MBA FROM PREMIER INSTITUES : YOU GET QUALIFICATION FOR JOB AND LOAN FOR REPAYMENT


MBA FROM PREMIER INSTITUTES




Graduating MBAs are shouldering more debt than ever, so much so that a record number of the leading business schools now decline to even share the embarrassing burdens they have put on their students. The cost is anywhere between USD 75000 to USD 200000



AT MORE THAN A DOZEN SCHOOLS, SIX-FIGURE DEBT IS NOW ROUTINE


Despite ever-increasing amounts of scholarship aid, MBA grads are pouring on student debt at levels never seen before.

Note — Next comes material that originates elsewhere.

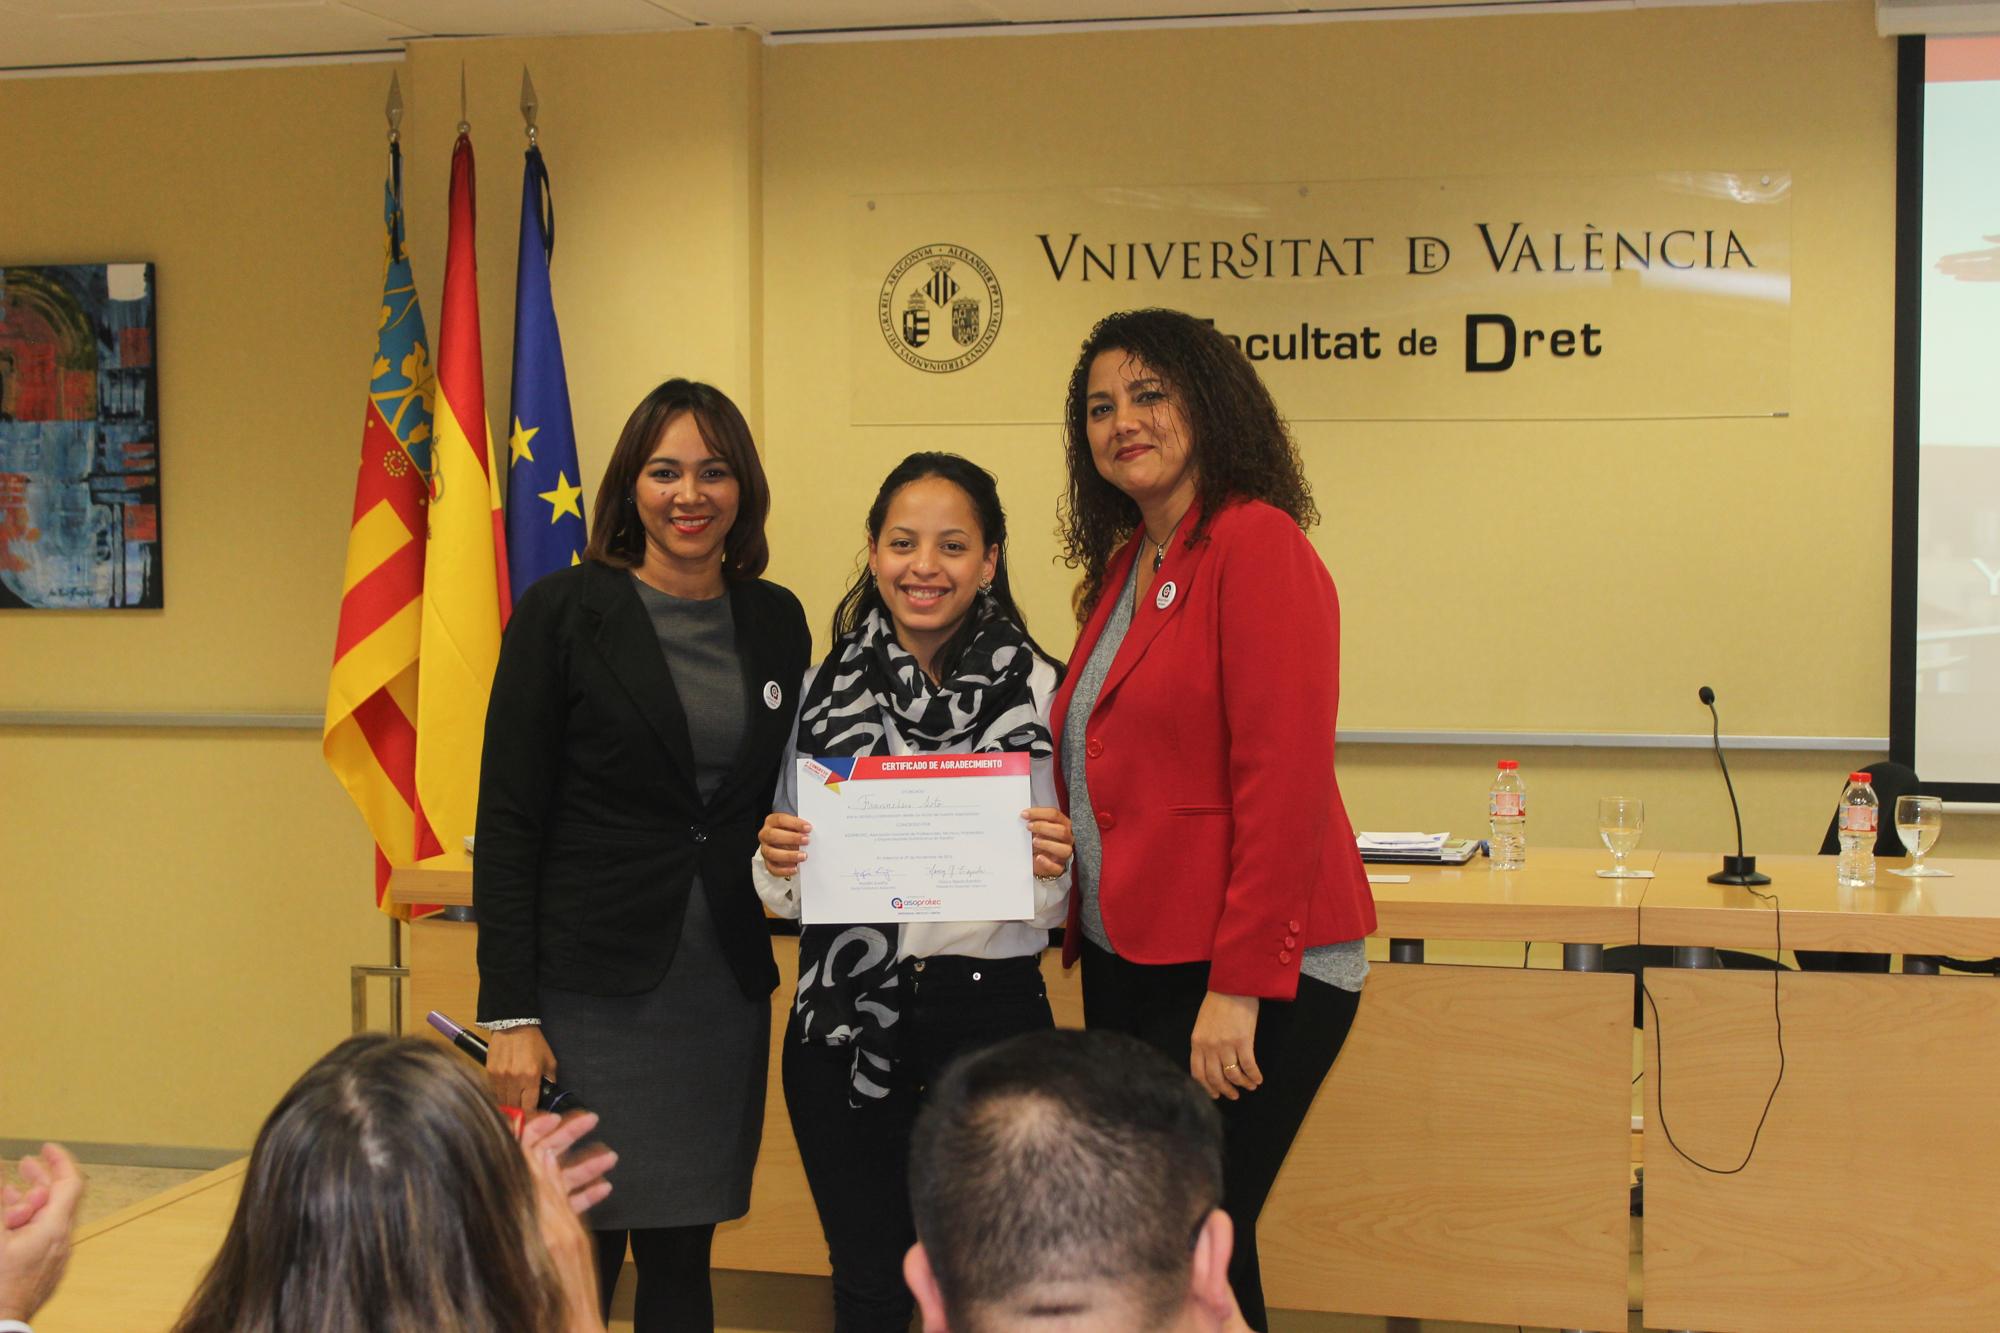 Asoprotec hace entrega de reconocimiento a Nelsis Soto, Responsable del Área de Negocios e Inversiones del Consulado de la República Dominicana en Valencia.

A new Poets&Quants study shows that MBAs are leaving campus with six-figure debt loads from at least 13 prominent business schools, up from only two schools in 2011. The six-figure burden ranges from a high of $122,370 at the University of Pennsylvania’s Wharton School to $100,083 at the University of Virginia’s Darden School of Business.

Or think of it this way: Wharton’s Class of 2015 borrowed roughly $47.5 million alone for the privilege of gaining the MBA degree. For a Whartonite borrowing the money on a standard 10-year repayment plan, the debt amounts to about $1,408 in monthly payments, assuming a 6.8% interest rate and a total of $46,618 in interest charges.
MBA programs that no longer disclose the data and whose students are well into six-figure holes include the Southern California’s Marshall School of Business, Dartmouth’s Tuck School of Business, Northwestern’s Kellogg School of Management, and Georgetown’s McDonough School of Business. Estimates of their average debt burdens range from $118,088 at USC Marshall to $104,424 at Georgetown.
Even public university business schools aren’t much of a refuge from student debt. Six of the 25 schools whose MBAs graduate with the highest average loans are publics, including Kenan-Flagler Business School at the University of North Carolina, where the average debt burden is $93,898 and 61% of all graduates are in hock. MBAs out of UCLA’s Anderson School of Management, with an average burden of $88,654, now owe roughly $5,000 more than the grads out of private Stanford Graduate School of Business.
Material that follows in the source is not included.